What are you? Where are you from? No, where are you really from? These are all questions of which I’ve heard some variation while in both the U.S. and Russia. While in the U.S., there’s a certain level of disrespect inherent in having these questions asked by someone you’ve only just met, and at first it was hard to let go of that feeling while in Russia. However, there are some things about Russian culture that make this a far less offensive question than it would be in the U. S.- in fact, it’s actually a great way to break the ice.
Russia, just like the U.S., has a diverse population with people from several different ethnic groups and countries holding citizenship. However, unlike in the U. S., there seems to be less pressure in Russia to assimilate. Someone ethnically German whose family moved to Russia generations ago probably retains a great deal of their culture in their family life, and so knowing this about them also tells you a little bit about their life. The same would not necessarily be true if that person lived in the U. S., and leveling that question at someone has the unspoken implication that you’ve noticed something different about them- something off. Each time I’d been asked the question while in Russia, the asker had not been ethnically Russian. Rather than seeming like a way to question someone’s level of belonging, it seemed more like a way to relate on common ground.

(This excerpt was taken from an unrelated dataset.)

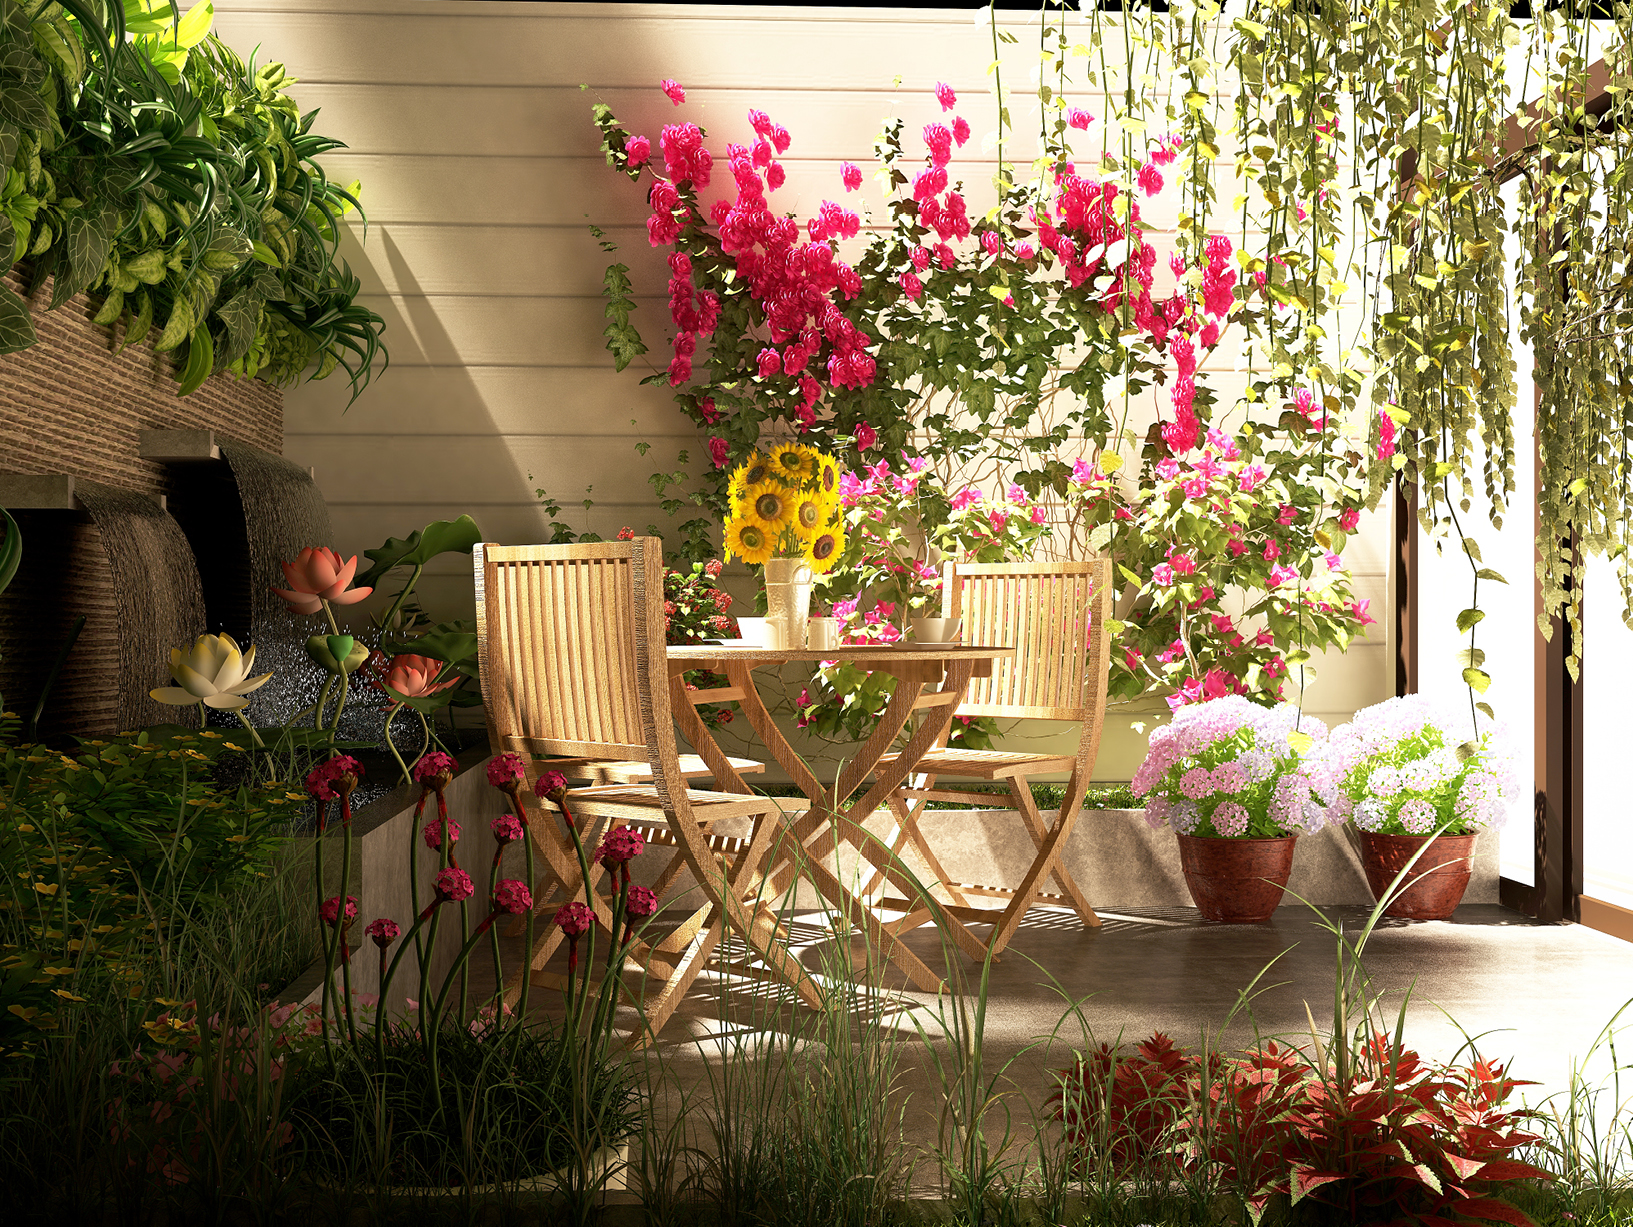 patio furniture and flowers

Another major difference between Russia and the U. S. that made me more comfortable with these questions is the perception of second language learners. In the U. S. you can be derided for having a noticeable accent while speaking English, especially if your first language is Spanish. However, in Russia, every time someone realized I was a foreigner because of my accent they just seemed happy to know I was learning Russian and putting work in to better understand the language. Sure, there were a few times shopkeepers couldn’t quite understand me, but overall I found no reason to be anxious over having people know I was a foreigner. It’s definitely something that encouraged me to step outside of my comfort zone and helped me to shed my anxiety when interacting with strangers in public. In a previous blog post I mentioned how many stores and kiosks are set up so you have to describe or point out exactly what you want to the cashier in order to buy something. At first I avoided these because I was so anxious about being able to accurately describe what I wanted. During our last few weeks in Moscow I made an effort to find these types of shops specifically and to force myself to order exactly what I wanted and not to just pick something that was convenient to point at. Shopkeepers could usually tell I was foreign, but in every case they were accommodating and helpful, which definitely helped me to improve.
It’s easy to be put off by these types of questions, even if they may not seem offensive they are rather personal. However, in Russia they simply help you to get to know someone better and the people asking usually have the kindest of intentions.